The rule also applies to any factory you write yourself: purely opaque placeholder? wrap it. Placeholder that mimics a real value? leave it raw.

A placeholder factory decides what those placeholders look like and how much information they carry. Two questions structure the choice:

Are placeholders unique per entity? Patrick and Marie should not both collapse onto a generic <<PERSON>>, otherwise the LLM cannot tell them apart. A unique placeholder per entity lets the LLM reason about relations between entities: "is the manager the same person as Patrick?" becomes "is <<PERSON:1>> the same as <<PERSON:2>>?" and gets a clear answer.
Are placeholders reversible? Given a placeholder alone, can the original value be recovered without consulting the cache? This is the precondition for the middleware's string-replacement step on tool arguments. If two placeholders collapse onto the same <<PERSON>>, there is no way to know which original to restore.

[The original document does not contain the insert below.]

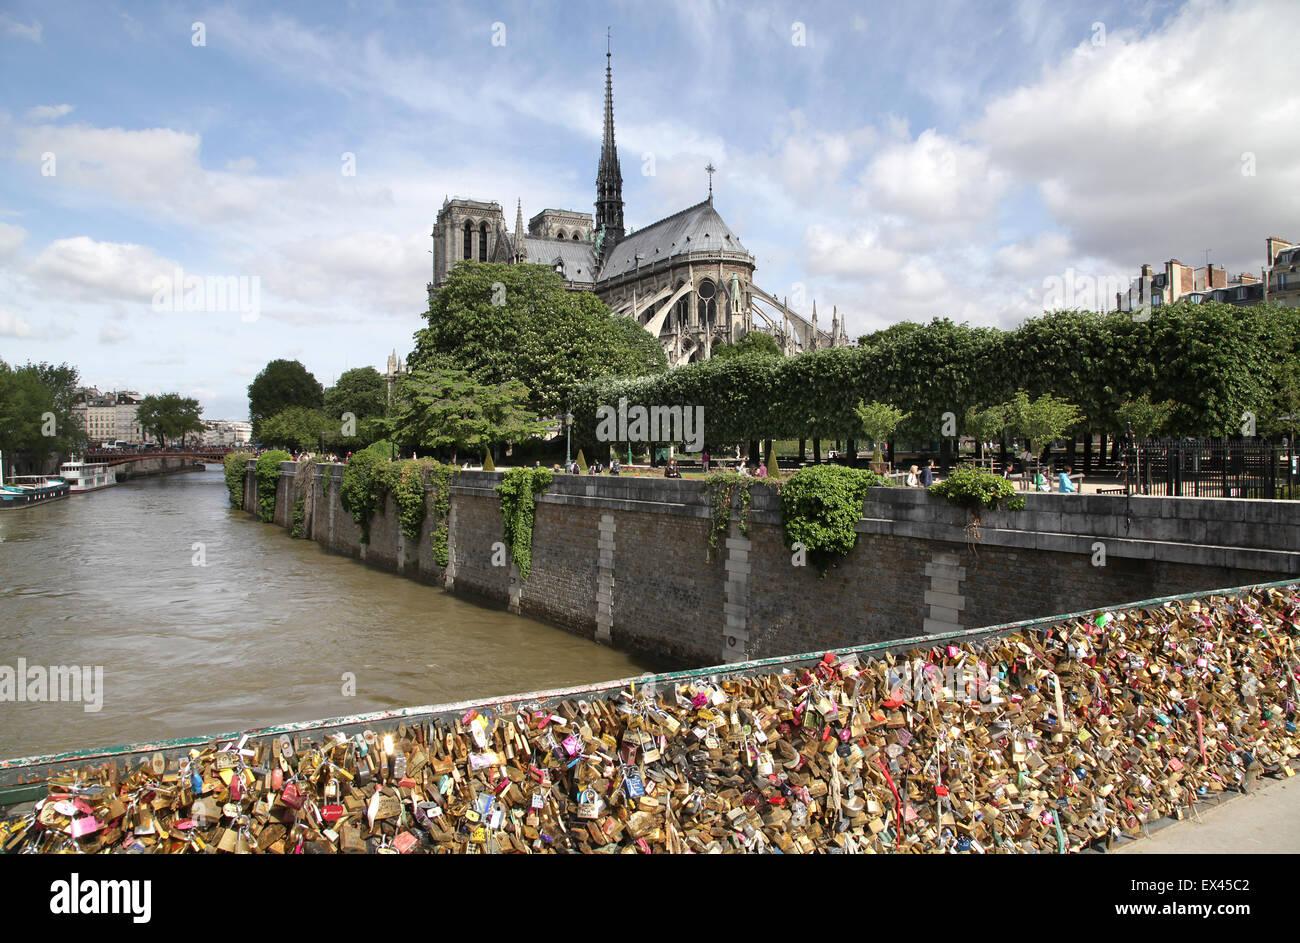 Pont des Arts.Love lock bridge.Love locks.Paris.France - Stock Image

Seven families of factories sit at different points on that spectrum, and the choice has direct consequences on which ToolCallStrategy you can use safely. See Tool-call strategies for the runtime side.

No information (<<REDACT>>): a constant placeholder that reveals nothing to the LLM. Classic redaction. No reasoning possible on entities (the LLM cannot tell that the value was a city, so it cannot decide to call get_weather).
Id only (<<REDACT:a1b2c3d4>>): a unique hash per entity, without revealing the type. The LLM sees that two distinct entities exist but cannot tell whether they are persons, emails, or credit cards. Keeps reversibility on the tool side without giving any semantic hint to the model.
Type only (<<PERSON>>, <<EMAIL>>): the type is revealed but not the identity. Multiple persons in the same conversation collapse onto the same <<PERSON>> placeholder, so cross-references break.
Type + id (opaque) (<<PERSON:1>>, <<PERSON:a1b2c3d4>>): type revealed, stable identity, clearly synthetic placeholder. The LLM can tell that <<PERSON:1>> and <<PERSON:2>> are different people. Unique, so reversible by string replacement.
Type + partial value (p***@mail.com): the format is preserved but real content is partially visible. The LLM sees that it is an email, may guess the domain, but cannot recover the full address. Riskier on privacy (real fragments leak) and reversibility (collisions possible).
Type + id (Faker) (john.doe@gmail.com): a fully plausible fake value. Natural-looking output, but exposes a coincidental-collision risk with a real-world value.
Type + id (realistic hashed) (a1b2c3d4@anonymized.local): a realistic fake value with a hash guaranteeing uniqueness. Combines the realistic format with a guarantee of non-collision.

Family details¶

No information: total destruction¶

The placeholder is a fixed string (e.g. <<REDACT>>). The LLM learns that something was redacted but nothing about its type, count, or relations. The conversation loses every internal reference: an agent trying to act on "send the invoice to the client" cannot tell whether the client is the one mentioned earlier or someone new. Useful for archival redaction, useless when an agent has to reason.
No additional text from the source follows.